# [Activity]
What is needed is an exact copy of the lines from the start of the records below through the line with "Sneaker Oxford Boots", without the pictures.

# [Source material]

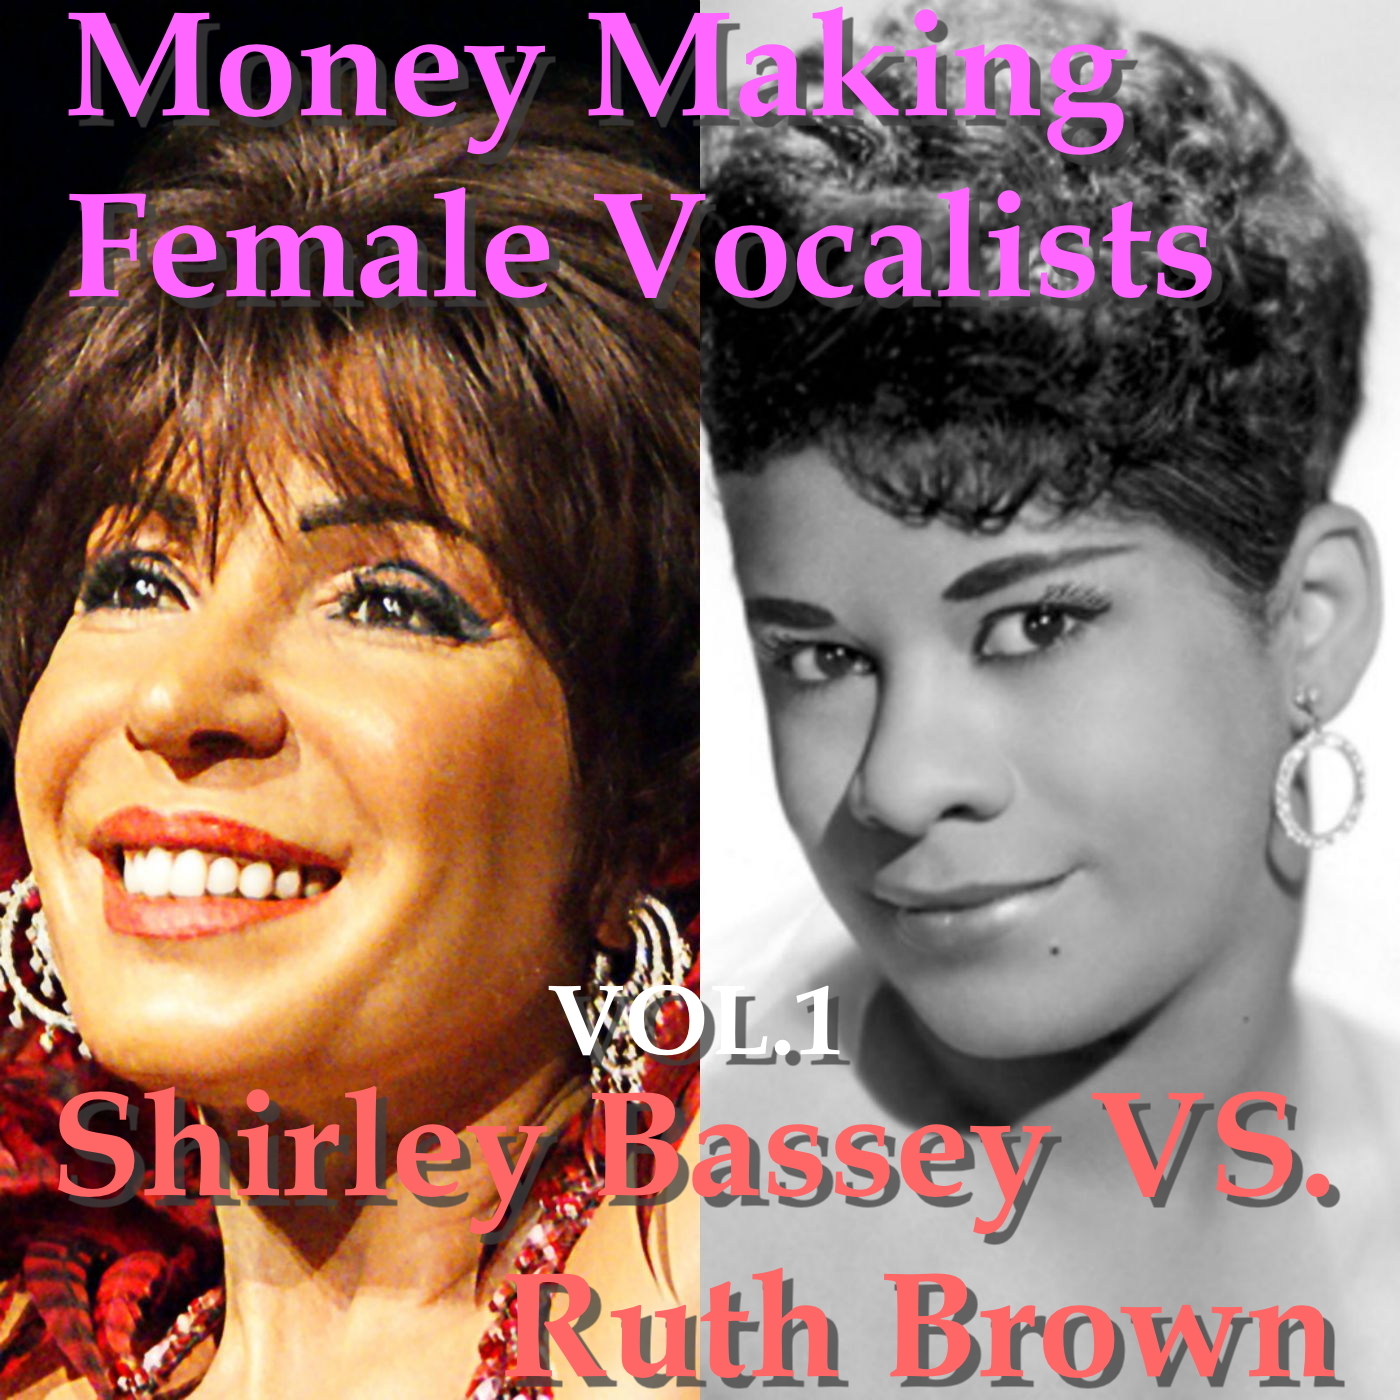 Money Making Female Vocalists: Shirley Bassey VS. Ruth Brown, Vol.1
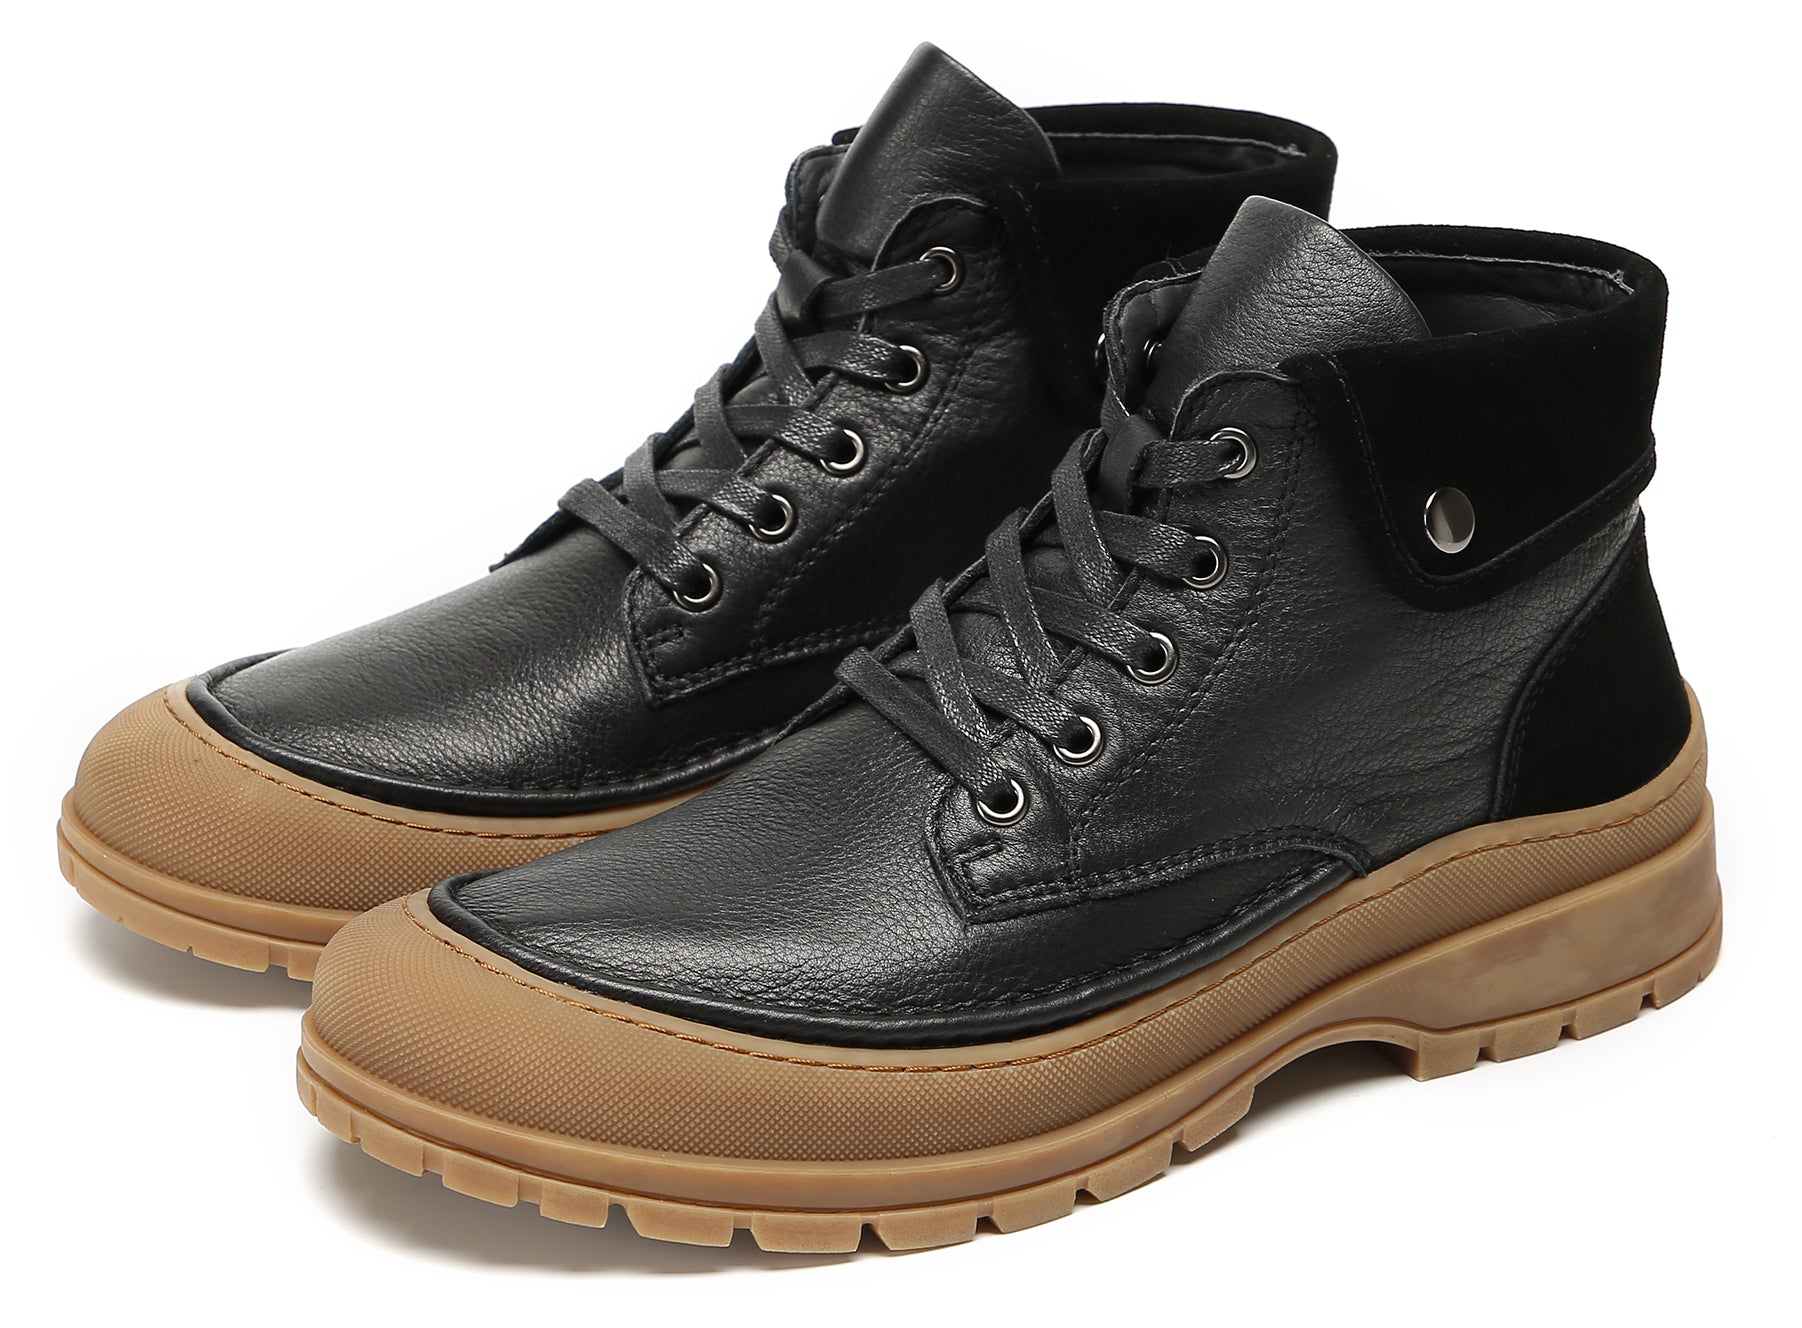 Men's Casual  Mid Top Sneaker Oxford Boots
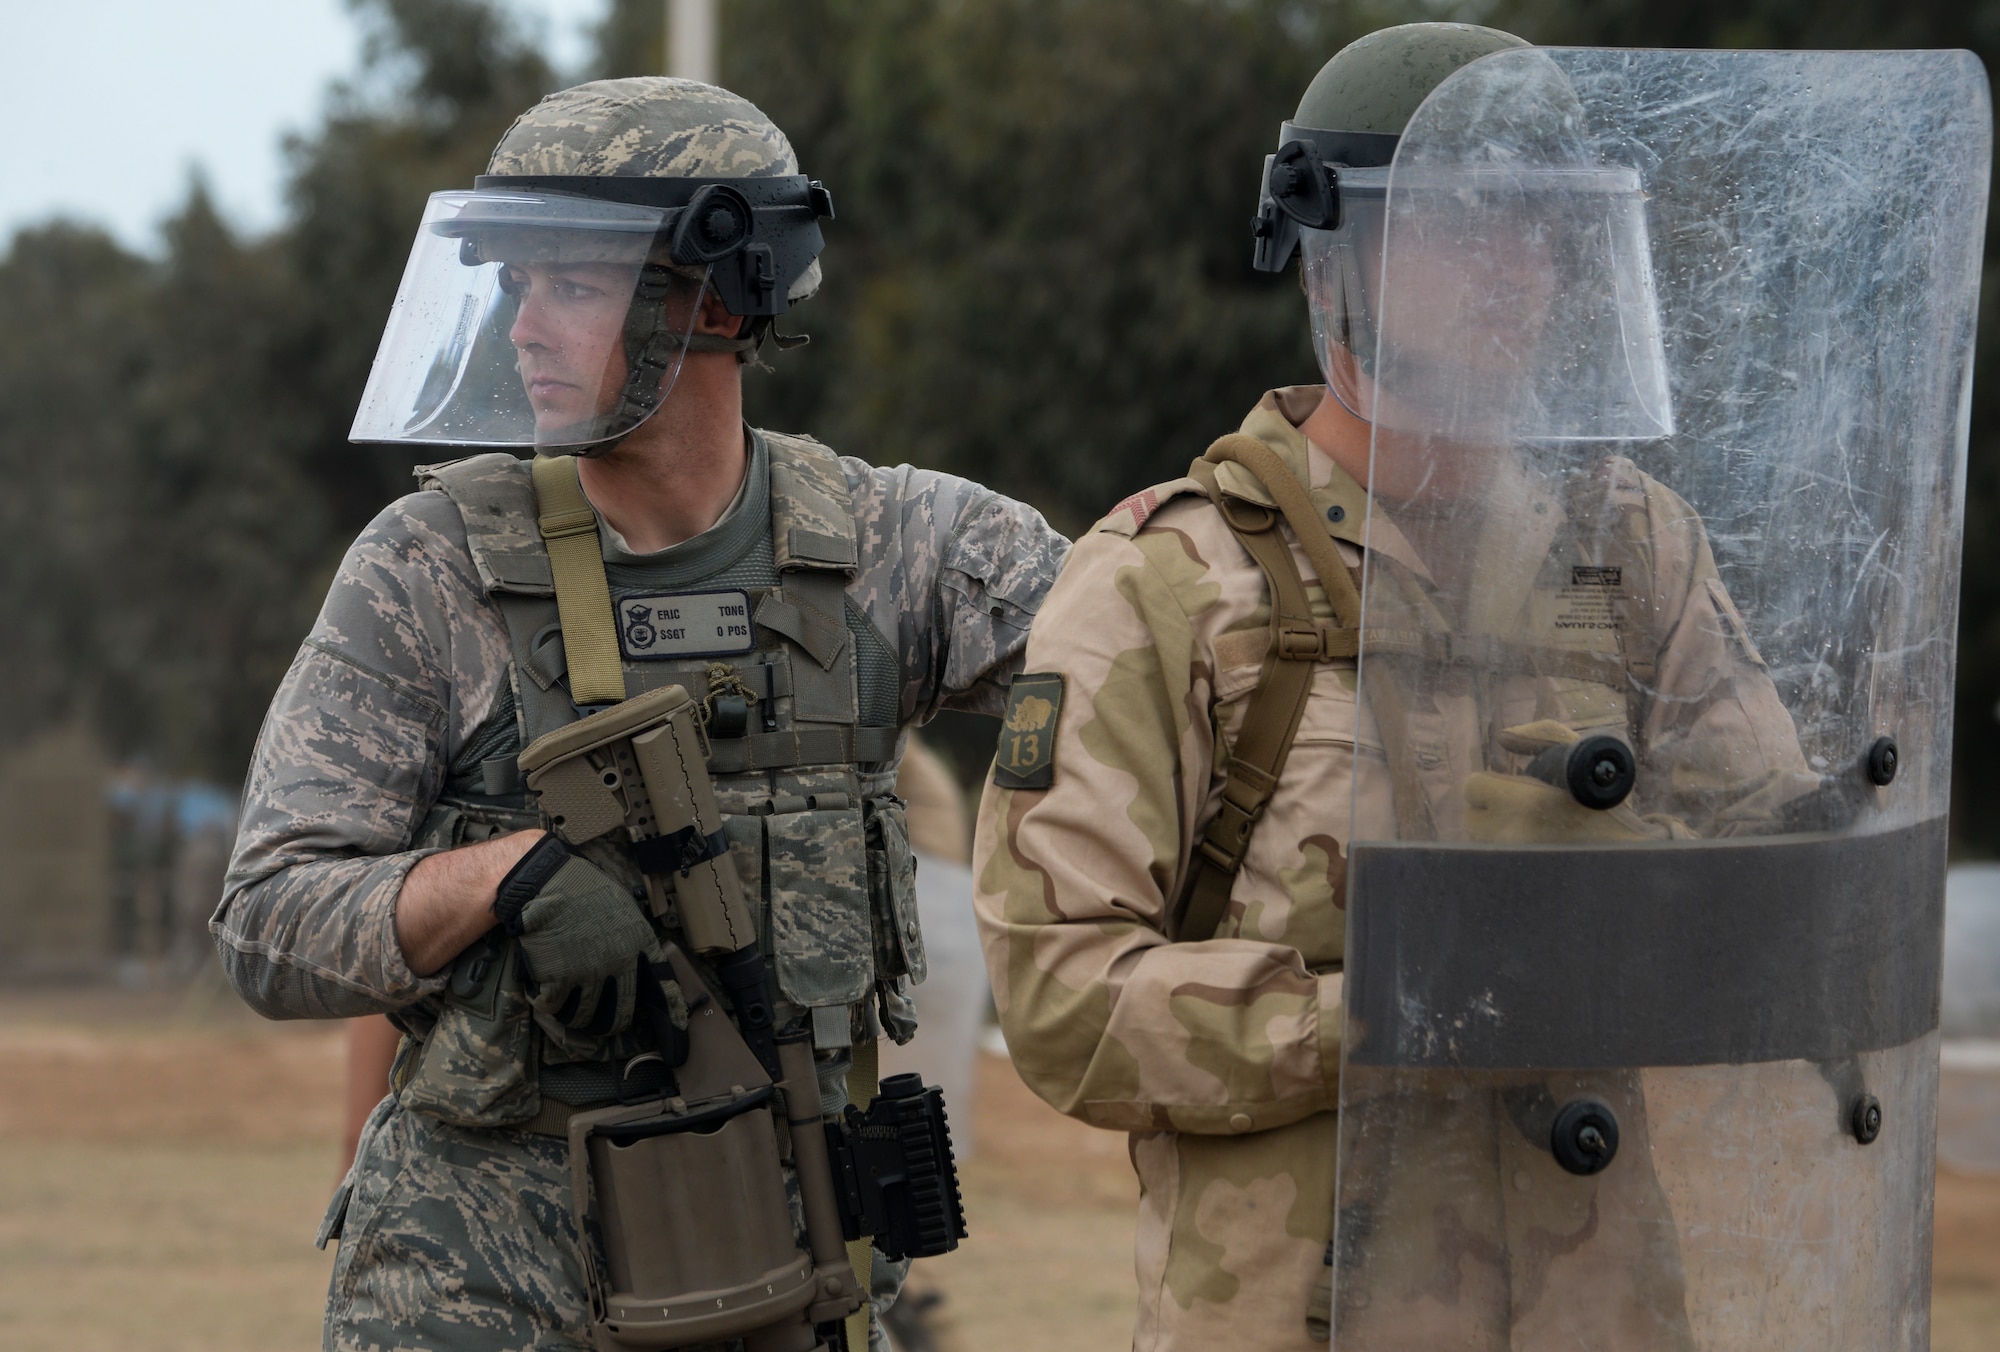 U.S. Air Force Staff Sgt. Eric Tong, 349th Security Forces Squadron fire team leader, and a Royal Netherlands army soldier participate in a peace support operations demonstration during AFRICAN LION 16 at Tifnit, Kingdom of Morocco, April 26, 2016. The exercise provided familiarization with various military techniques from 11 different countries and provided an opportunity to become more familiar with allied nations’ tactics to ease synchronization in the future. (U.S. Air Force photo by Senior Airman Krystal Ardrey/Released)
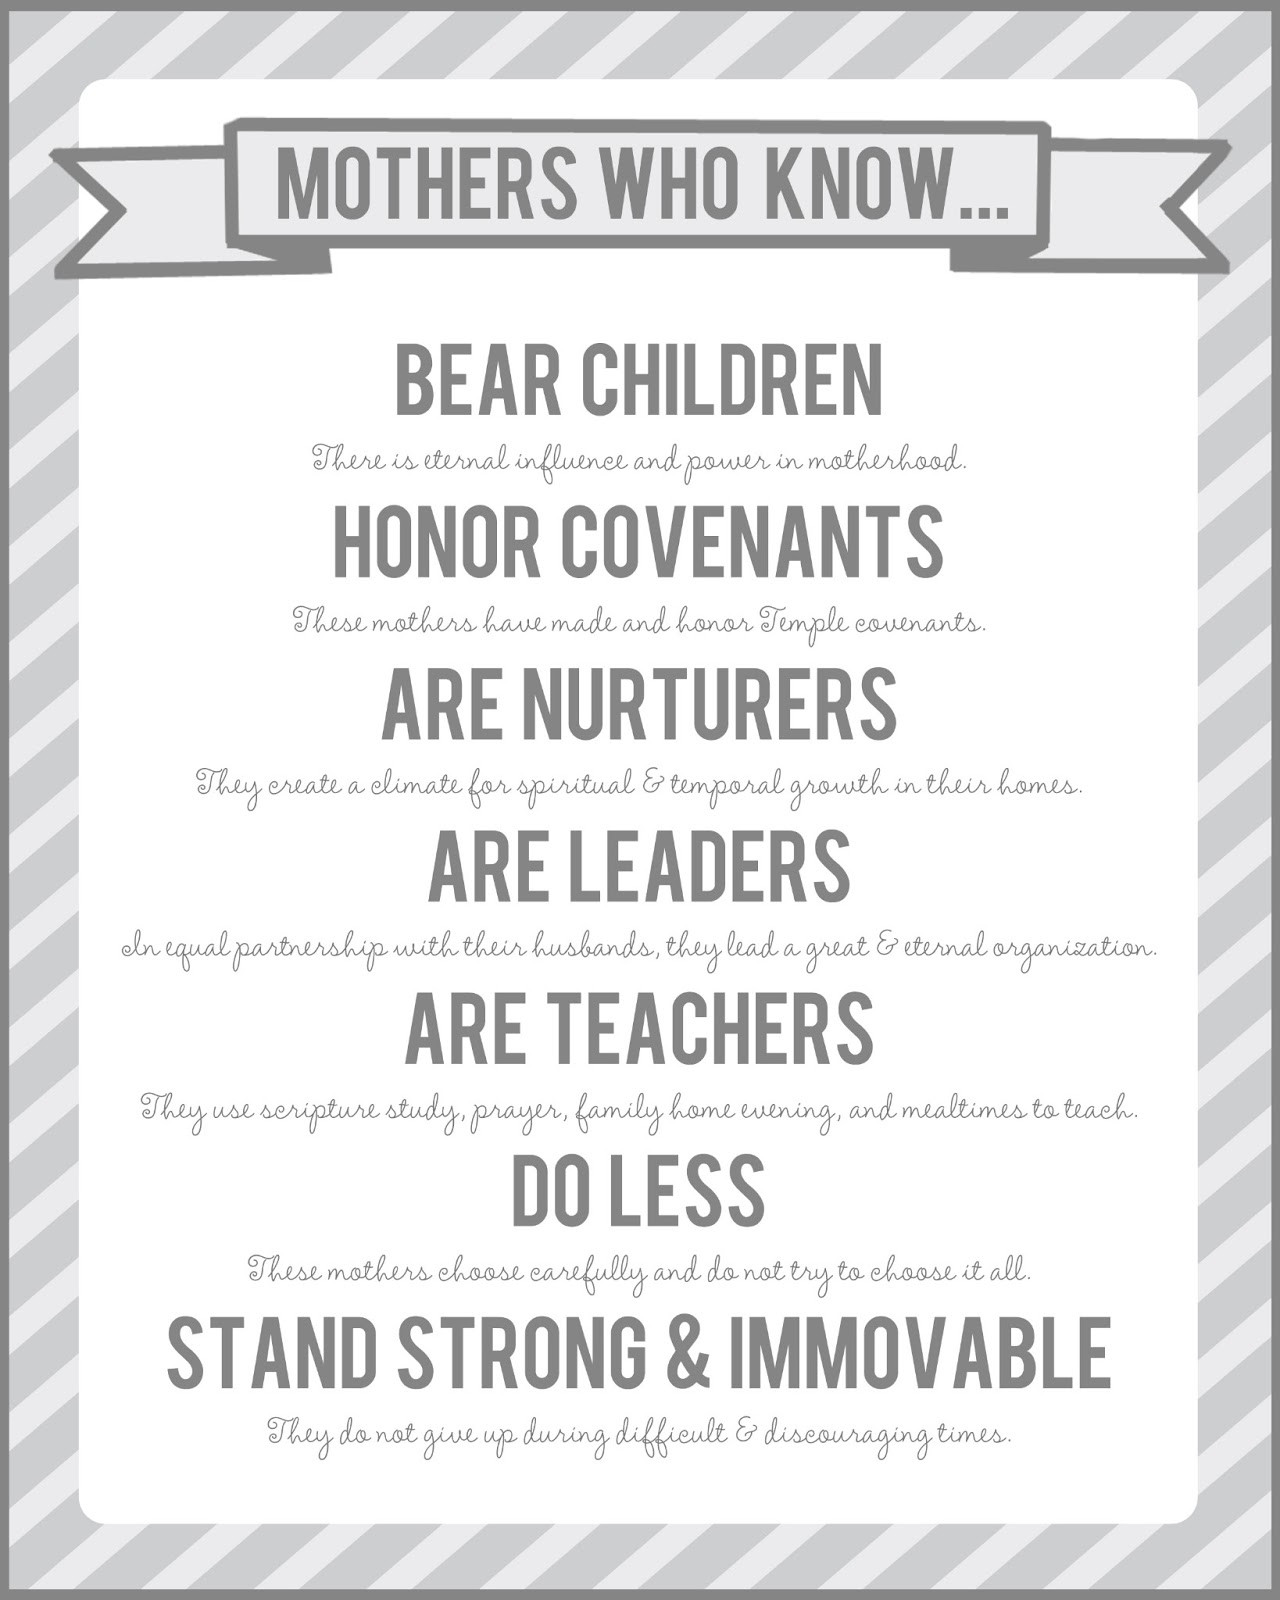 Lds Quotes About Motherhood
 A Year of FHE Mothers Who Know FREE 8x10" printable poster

# [Reply]
 Money Making Female Vocalists: Shirley Bassey VS. Ruth Brown, Vol.1
 Men's Casual  Mid Top Sneaker Oxford Boots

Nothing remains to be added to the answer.